At the beginning of the fiscal year ended June 30, 2000, the Bank had two
separate branch offices in Augusta, Maine; the Western Avenue and the Bangor
Street branches. During the third quarter ending March 31, 2000, the Bank
consolidated its loan and deposit customers to the Western Avenue branch and
closed the Bangor Street location. The merging of these two branches allows the
Bank to continue to serve the Augusta, Maine community with greater efficiency
with little or no disruption. The Bangor street branch had been subject to a
lease agreement, which had expired during the recently completed fiscal year.
The relocation expenses were not material and the employees were absorbed into
other available positions within the Bank or decreased through attrition. The
closure of the branch did not have a material impact on the financial condition
or operations of the Company.
Northeast Bancorp through its subsidiary, Northeast Bank and the Bank's
subsidiary Northeast Financial Services, Inc., provide a broad range of
financial services to individuals and companies in western, midcoast and south-
central Maine. Although historically the Bank has been primarily a residential
mortgage lender, during the past few years the Bank has expanded its commercial
loan business, increased its line of financial products and services, and
expanded its market area.
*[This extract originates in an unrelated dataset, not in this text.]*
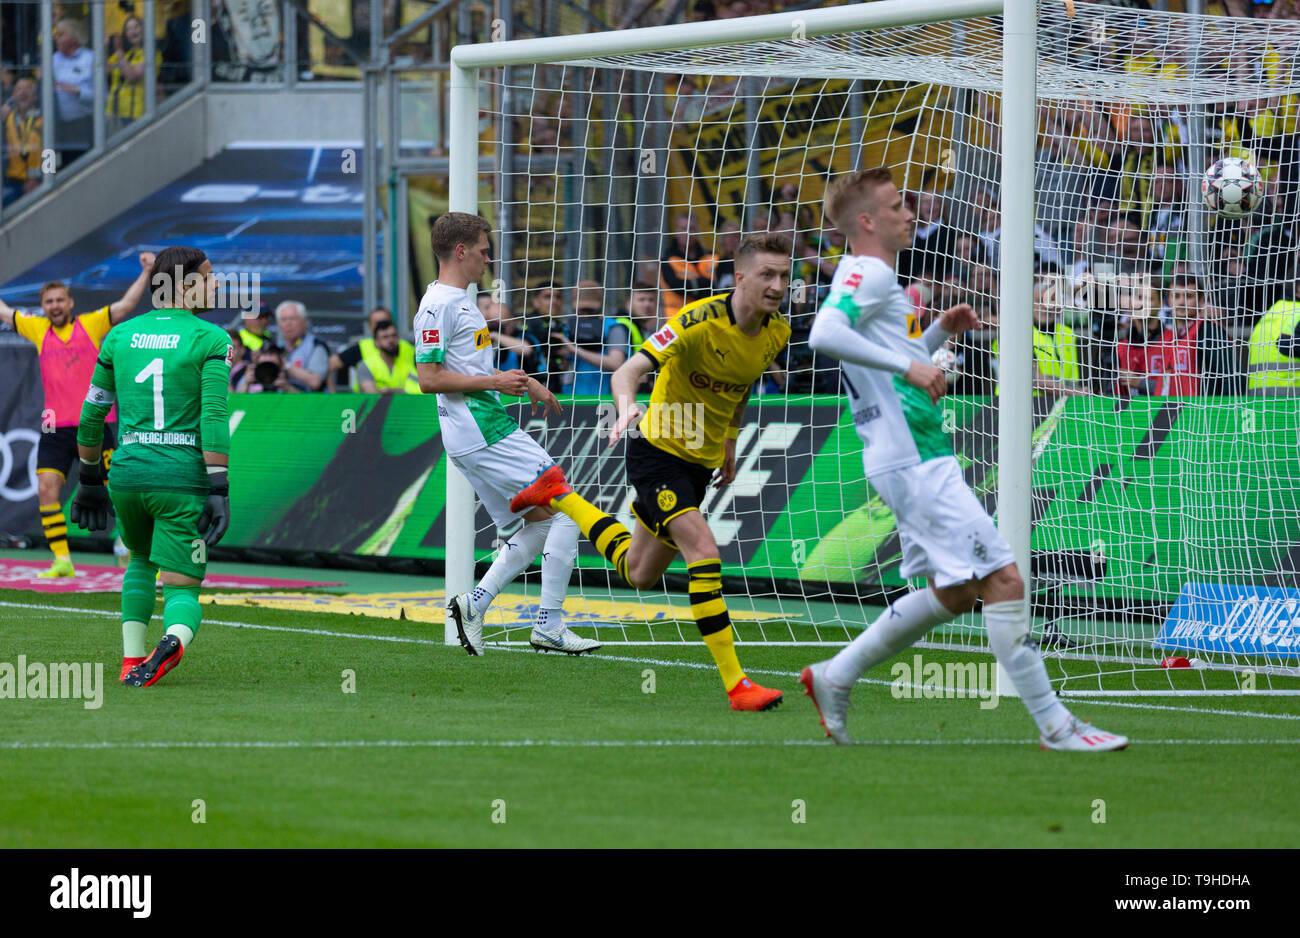 Sport, Fussball, Bundesliga, 2018/2019, Borussia Moenchengladbach vs. BVB Borussia Dortmund 0-2, Stadion Borussia-Park, Tor zum 0-2, v.l.n.r. Torwart Yann Sommer (MG), Matthias Ginter (MG), Torschuetze Marco Reus (BVB), Oscar Wendt (MG), DFL REGULATIONS PROHIBIT ANY USE OF PHOTOGRAPHS AS IMAGE SEQUENCES AND/OR QUASI-VIDEO, sports, football, Bundesliga, 2018/2019, Borussia Moenchengladbach vs. BVB Borussia Dortmund 0-2, Stadium Borussia Park, 0-2 goal, f.l.t.r. keeper Yann Sommer (MG), Matthias Ginter (MG), goal scorer Marco Reus (BVB), Oscar Wendt (MG), DFL REGULATIONS PROHIBIT ANY USE OF PHOT - Stock Image
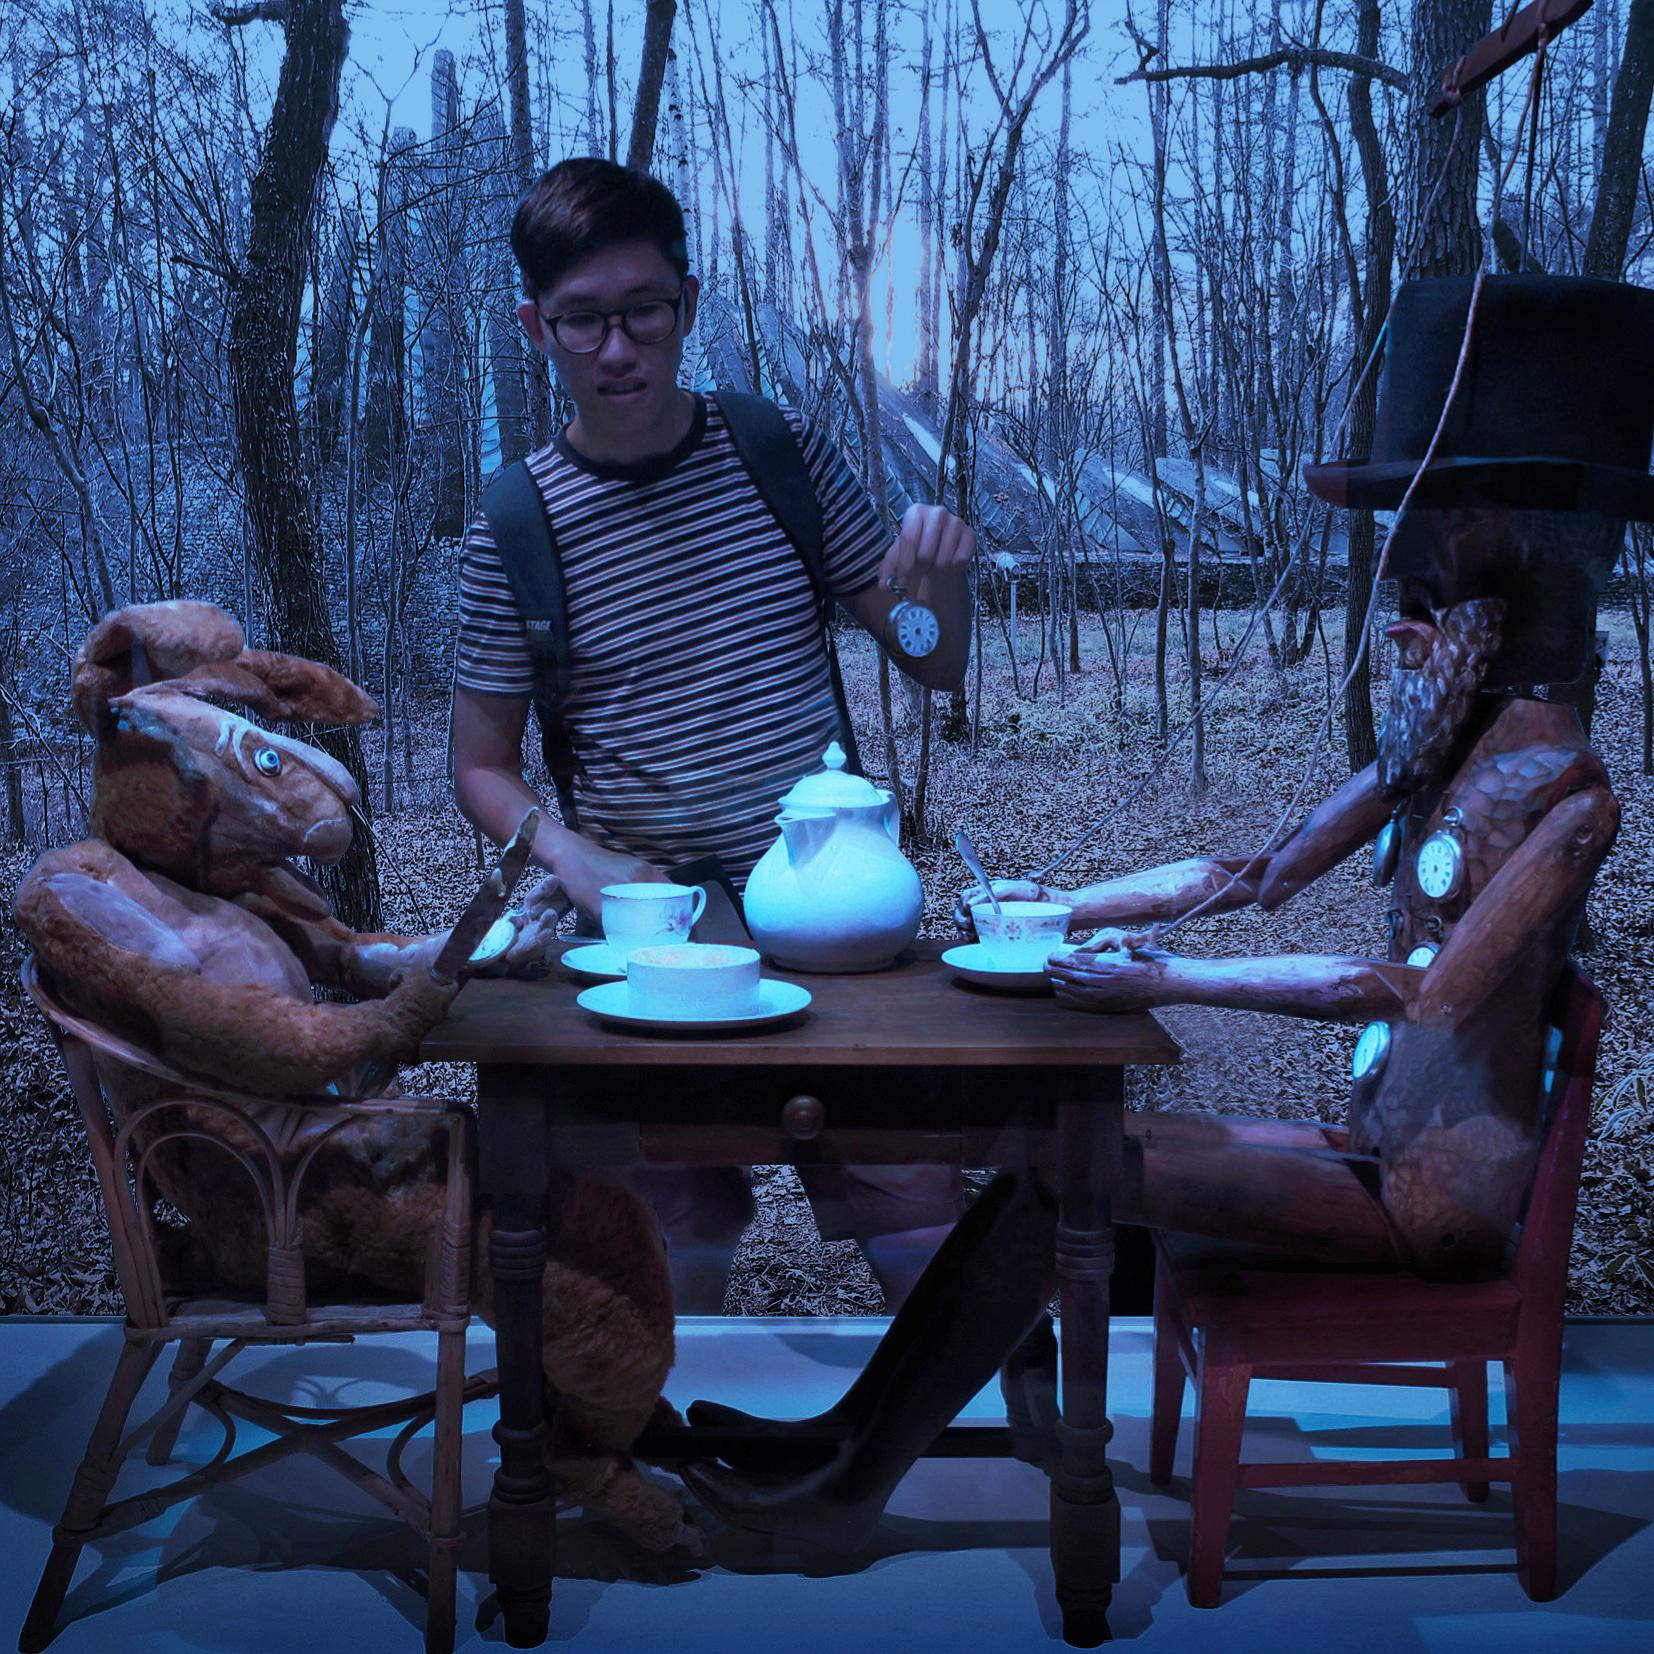 Tea Party Digital Art by Alvin Sim

Management believes that this strategy will increase
core earnings in the long term by providing stronger interest margins,
additional non-interest income, and increased loan volume. The Bank believes
that the local character of its business and its "community bank" management
philosophy allows it to compete effectively in its market area. As of June 30,
2000, the Company, on a consolidated basis, had total assets of approximately
$434 million, total deposits of approximately $260 million, and stockholders'
equity of approximately $28 million. Unless the context otherwise requires,
references herein to the Company include the Company and its subsidiaries on a
consolidated basis.
The Bank (which was formerly known as Bethel Savings Bank F.S.B. ("Bethel")) is
a federally chartered savings bank, which was originally organized in 1872 as a
Maine-chartered mutual savings bank. The Bank received its federal charter in
1984. In 1987, Bethel converted to a stock form of ownership and in subsequent
years has engaged in a strategy of both geographic and product expansion. The
Bank has broad powers, including the power to engage in non-residential lending
activities. In connection with its conversion into a federal savings bank in
1983, the Bank retained its then-authorized powers as a Maine-chartered mutual
savings bank. Under applicable regulations, except as otherwise determined by
the OTS, the Bank retains the authority that it was permitted to exercise as a
mutual savings bank under the state law existing at the time of the conversion.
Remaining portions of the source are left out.